— TASK BRIEF —
The line containing "Kaktüs Desenli Renkli" and each line after it, through the final line of the data, are to be retyped exactly, with pictures left out.

:: RECORDED DATA

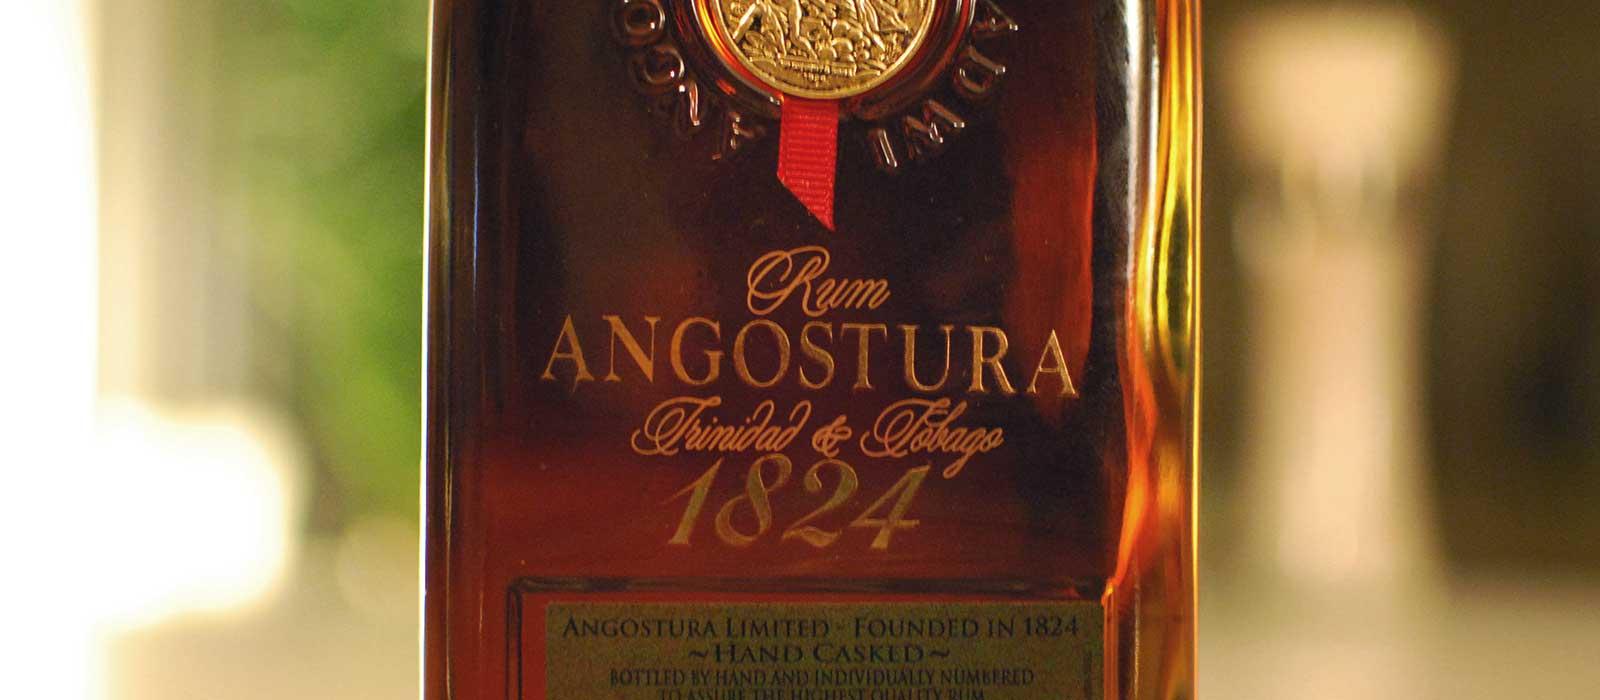 Tionde plats 2015:  Angostura 1824
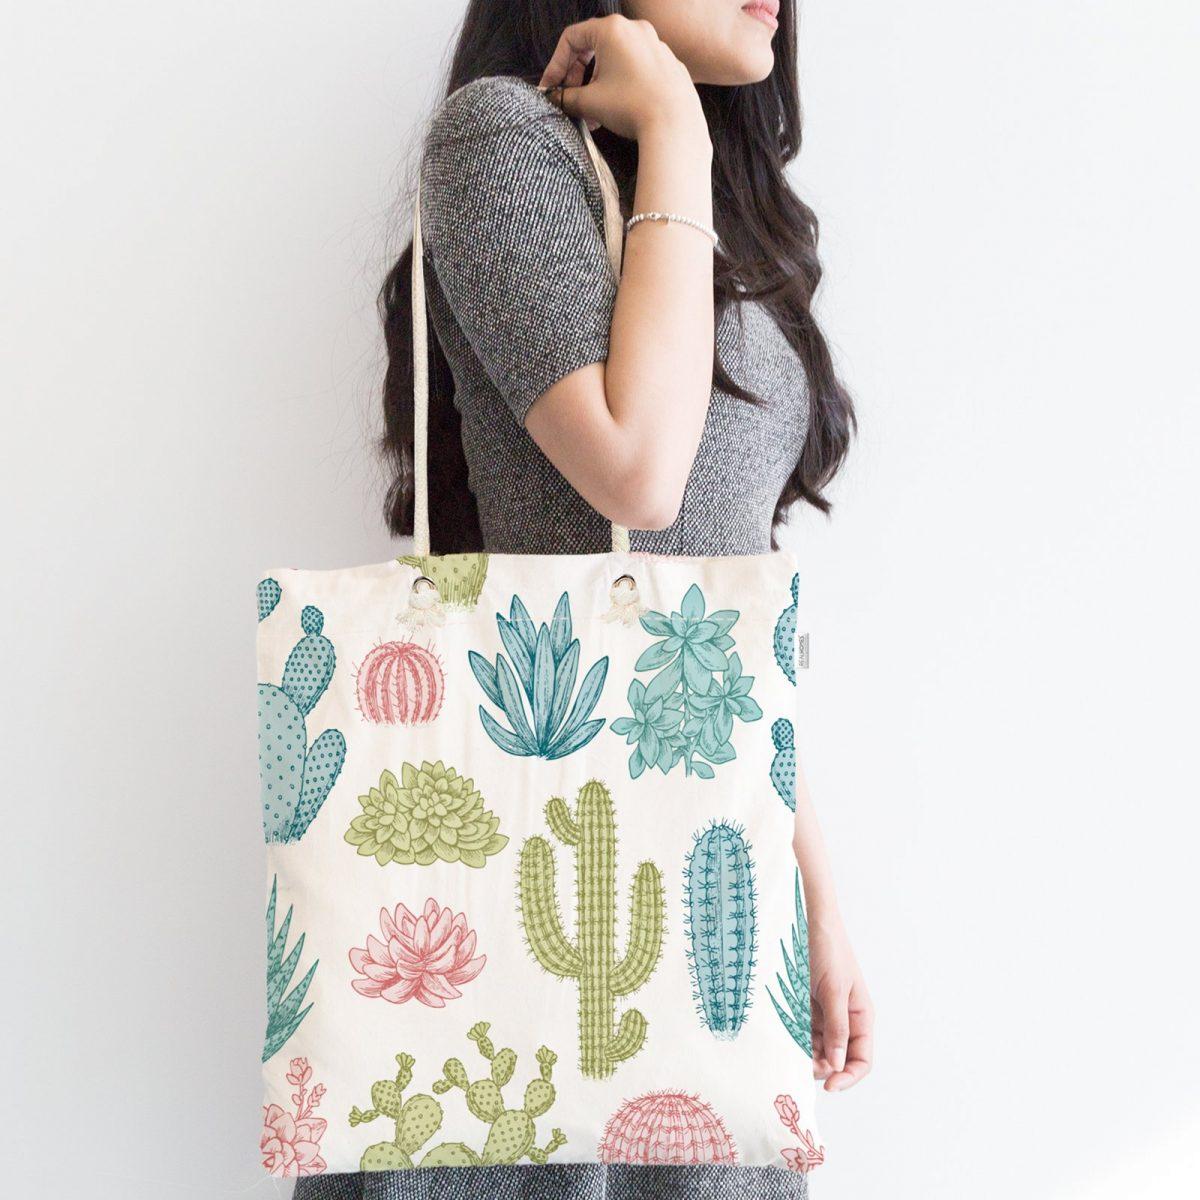 Kaktüs Desenli Renkli Modern Fermuarlı Kumaş Çanta Realhomes
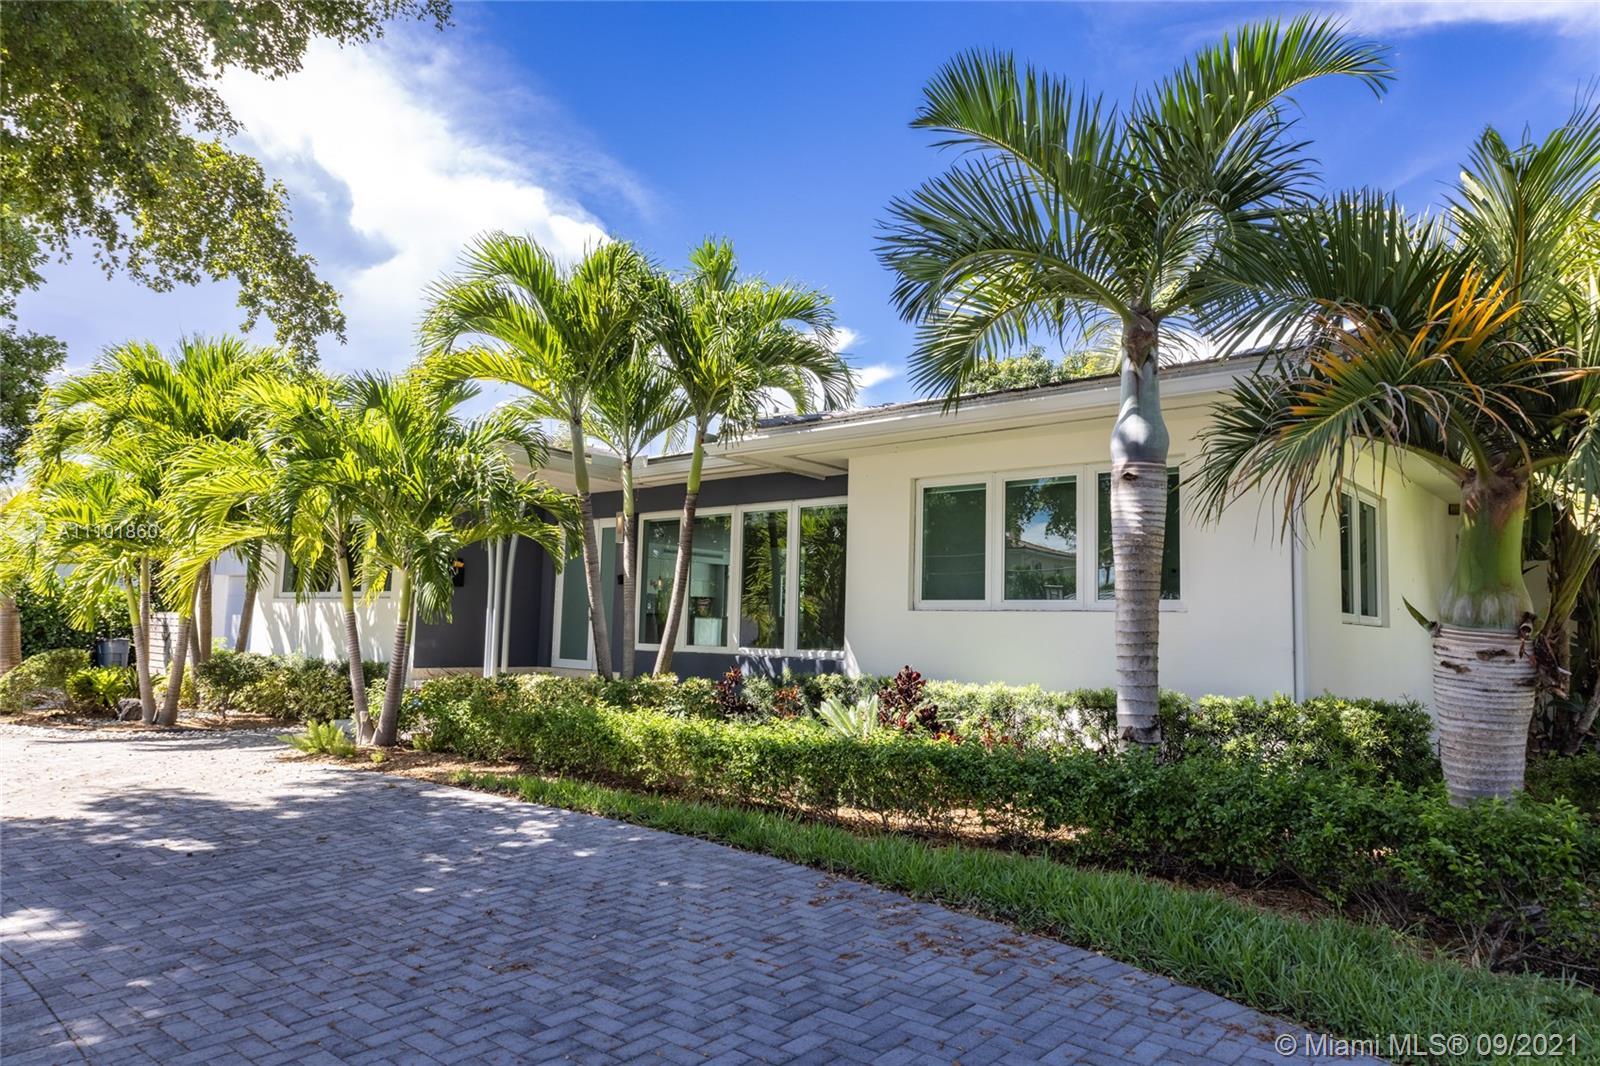 Single Family Home For Sale M SHORES BAY PK ESTATES2,370 Sqft
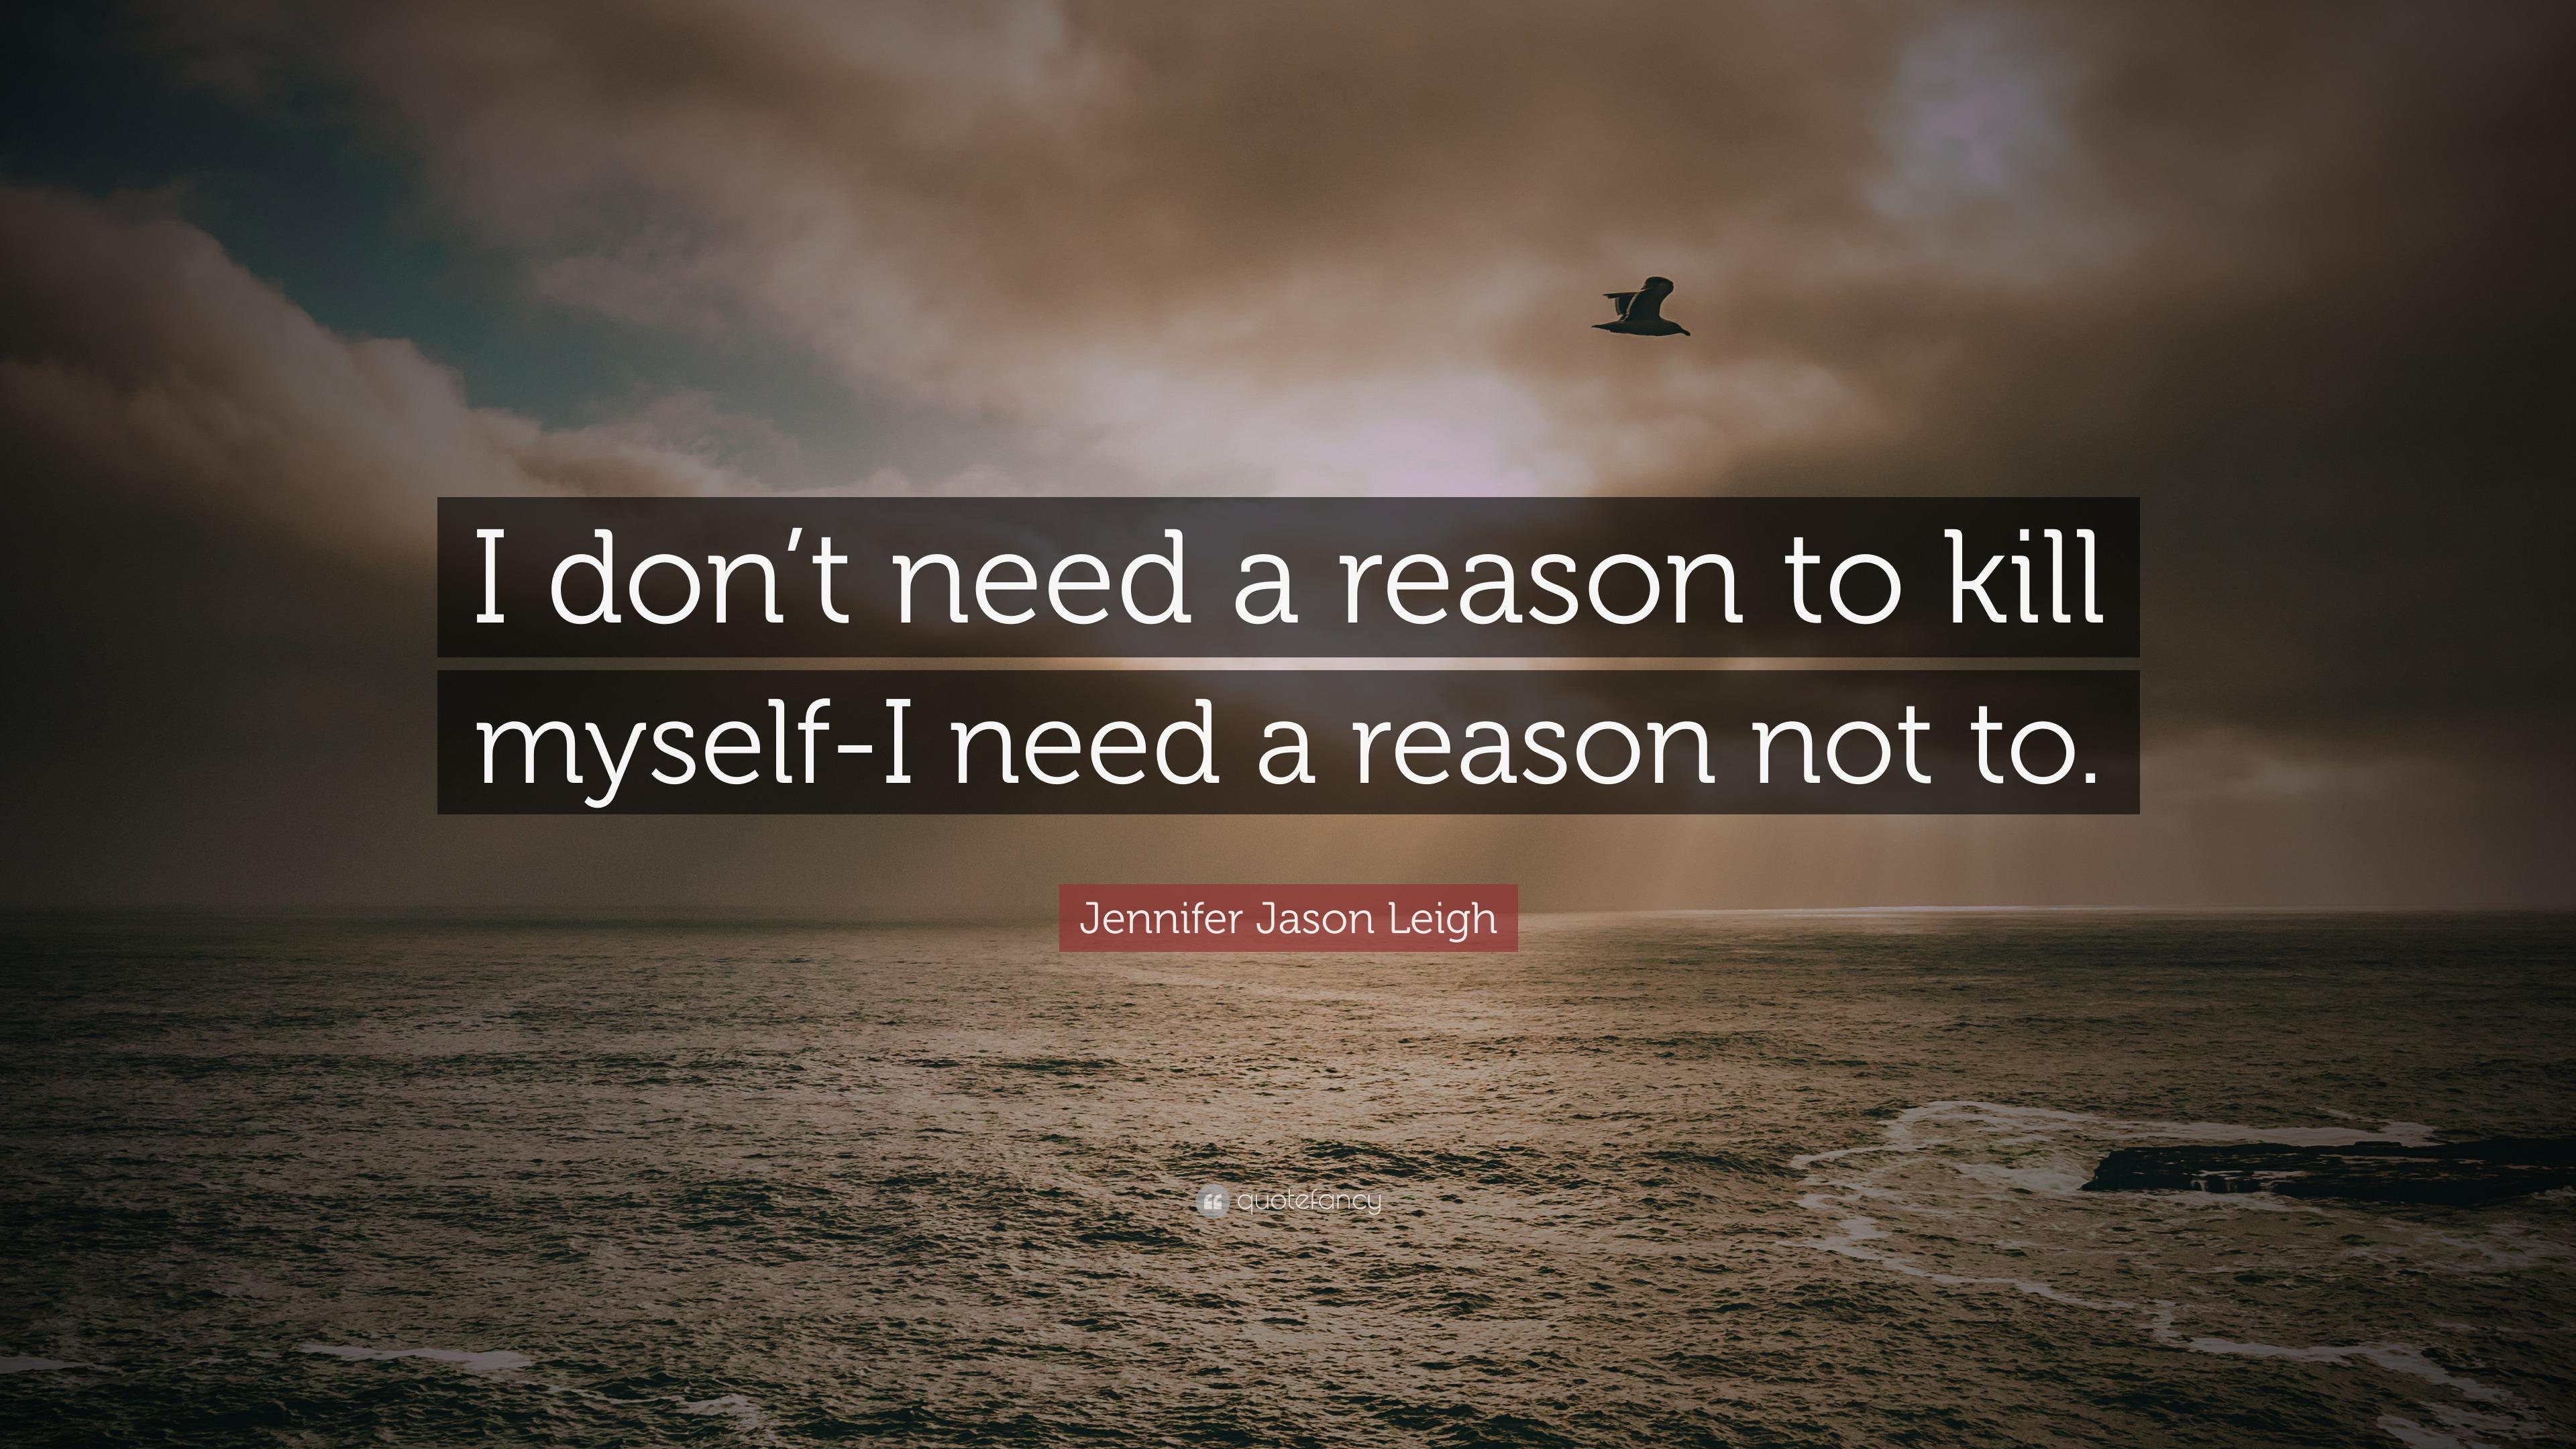 i want to kill myself for no reason

::::

— SOLUTION TO THIS TASK —
 Kaktüs Desenli Renkli Modern Fermuarlı Kumaş Çanta Realhomes
 Single Family Home For Sale M SHORES BAY PK ESTATES2,370 Sqft
 i want to kill myself for no reason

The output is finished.